I'm Alright is a 1985 album by Loudon Wainwright III. It was his third release on Rounder Records, recorded in London. It was produced by Richard Thompson, who also played electric lead guitar on several songs. The back cover features a photo of the two together, captioned 'Loud and Rich'.

The poignant "Screaming Issue", one of Wainwright's few collaborations – this time with Terre Roche of The Roches – was never compiled, nor has it appeared on a live album. It concerned his then infant daughter Lucy Wainwright Roche, who has since played and recorded with him.

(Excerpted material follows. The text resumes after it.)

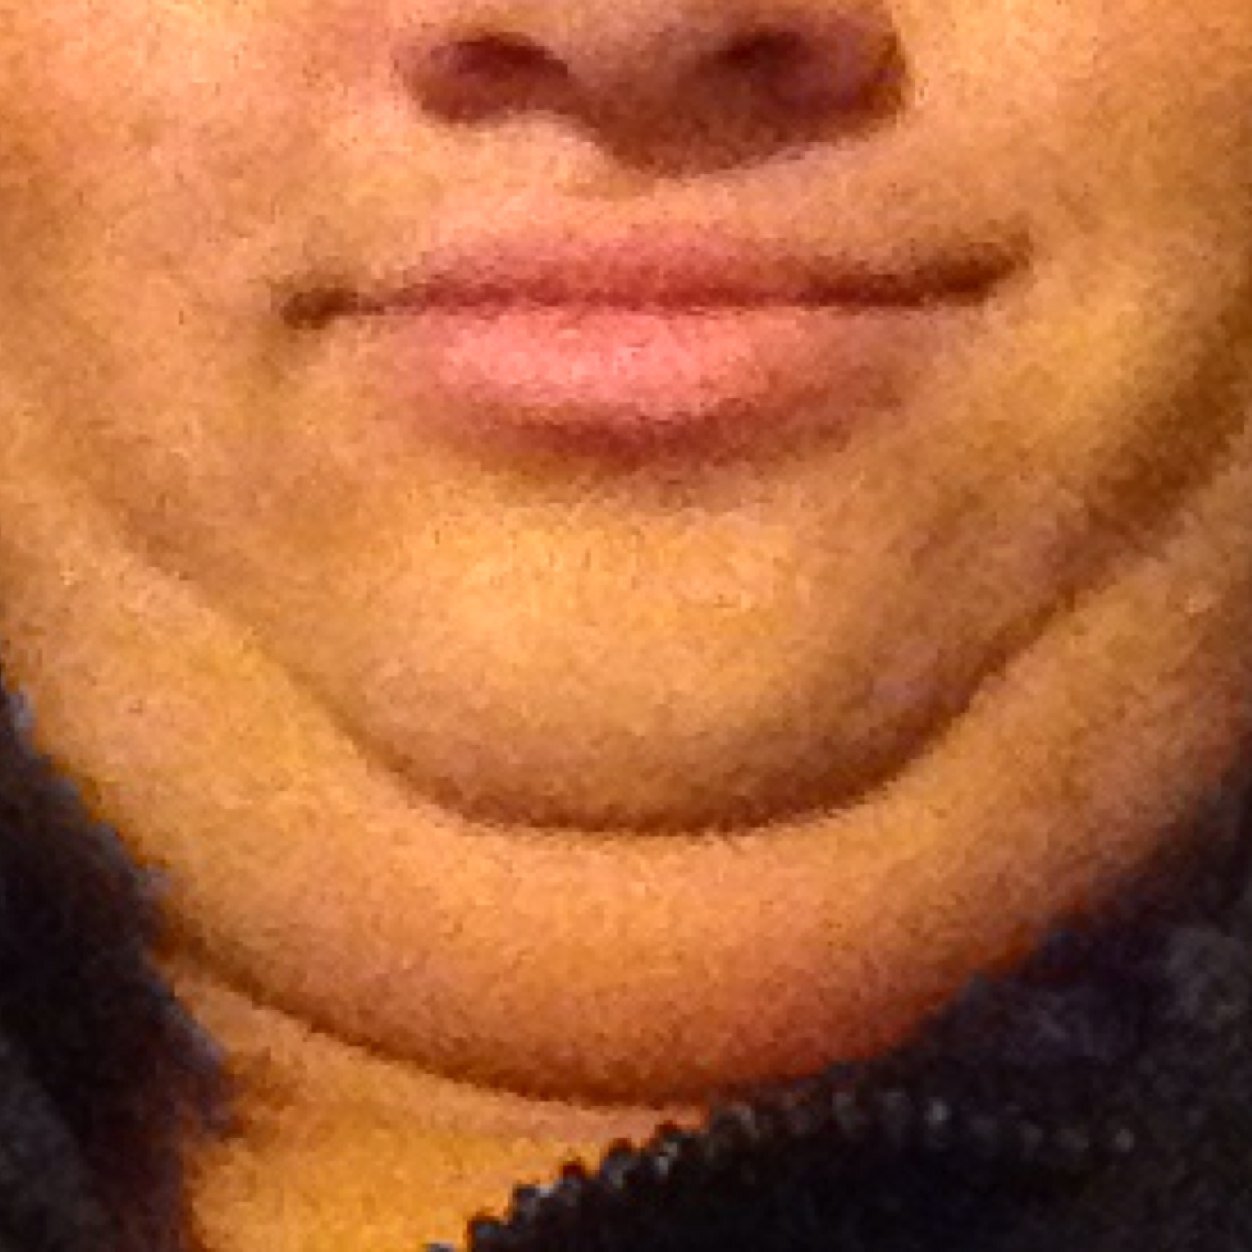 I love doublechins

This album continued Wainwright's reinvention of himself as an acoustic-based artist, and was the first of his Richard Thompson produced collaborations, which would peak critically the following year with More Love Songs.

Richard Thompson continued to tour with Wainwright, and Danny Thompson of Pentangle into the late 1990s. His most recent appearance on a LW3 album was 2003's So Damn Happy.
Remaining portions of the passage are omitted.